This food planner is something I've wanted to make for awhile. All of the free options are terrible or don't let you use your own recipes. To get a headstart, I am using Trello for most of the manual processes that I have not automated yet. This gives us a good overall structure and persistence layer so that we only have to create a frontend that does the small features we want to add. This could eventually become either a complete standalone app or we could turn this into a Trello plugin. For now it will just be a frontend that talks to the Trello API and runs locally.
- Recipe Importer
- Automatic Grocery list
- Drag to calendar planning
I wanted a way to paste a link somewhere and have a recipe imported automatically. It won't be that easy until I can spin up a backend and do it from there. Until then, CORS will stand in our way. To work around the CORS issue, I've settled on pasting in the DOM element and parsing that HTML instead. Since most of my own recipes are coming from skinnytaste.com, parsing those recipes is the most prioritized and tested. If other sites or formats are necessary, they can be added to the issues list in github with the parser
label.
The best way to grab the html to import is to right click inside of the recipe box (assuming most blogs and recipe sites have this separated from the actual blog post text, etc). Click "inspect element" and scroll up in the DOM until you find the main recipe box element.
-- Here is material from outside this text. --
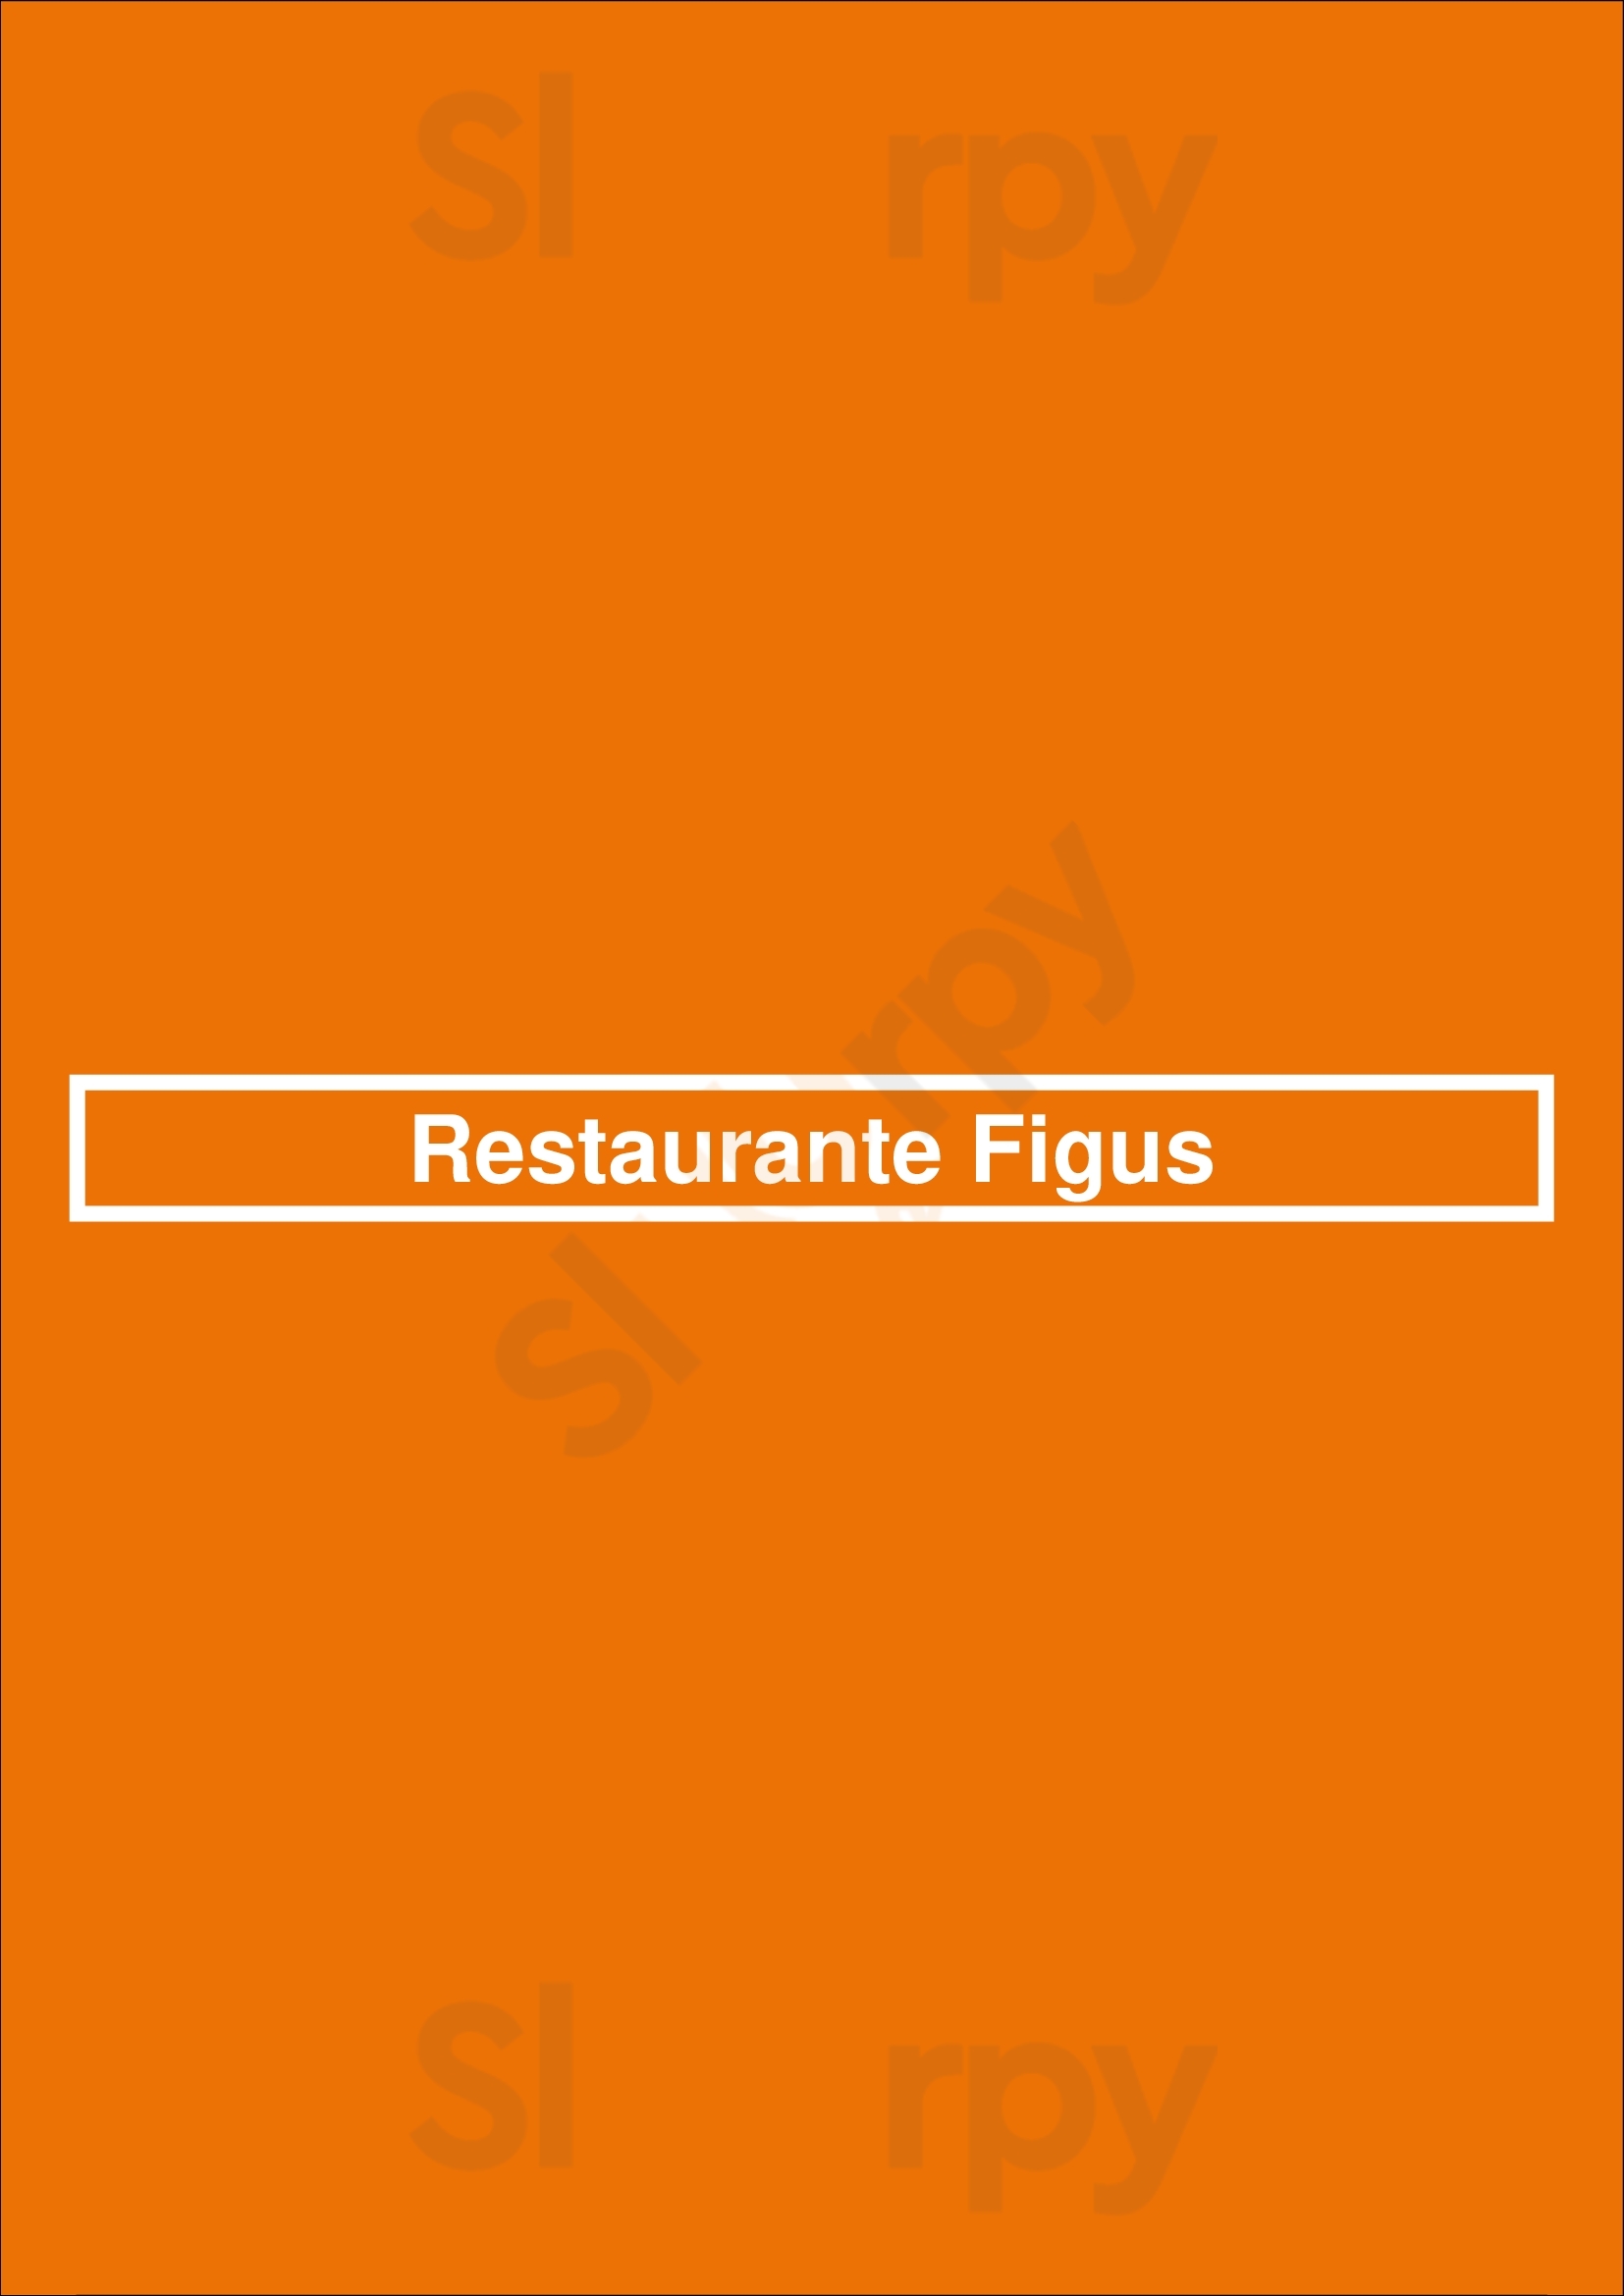 Restaurante Figus Lisboa Menu - 1

On skinnytaste, this is the element with the "recipe" id. Right click on this element in dev tools and copy the HTML. Paste this into the import box in the app and click "Import Recipe".
(Put some info here and how to set it up, once we do the local storage thing or whatever)
To run this locally, do an npm install and then run the command yarn dev
. It uses webpack locally and will open in a browser tab and update automatically on save.
Webpack will automatically run the eslint checks and display any errors in the browser (it will auto-fix anything that it can).
When committing to master, the deployment on heroku will automatically rebuild itself.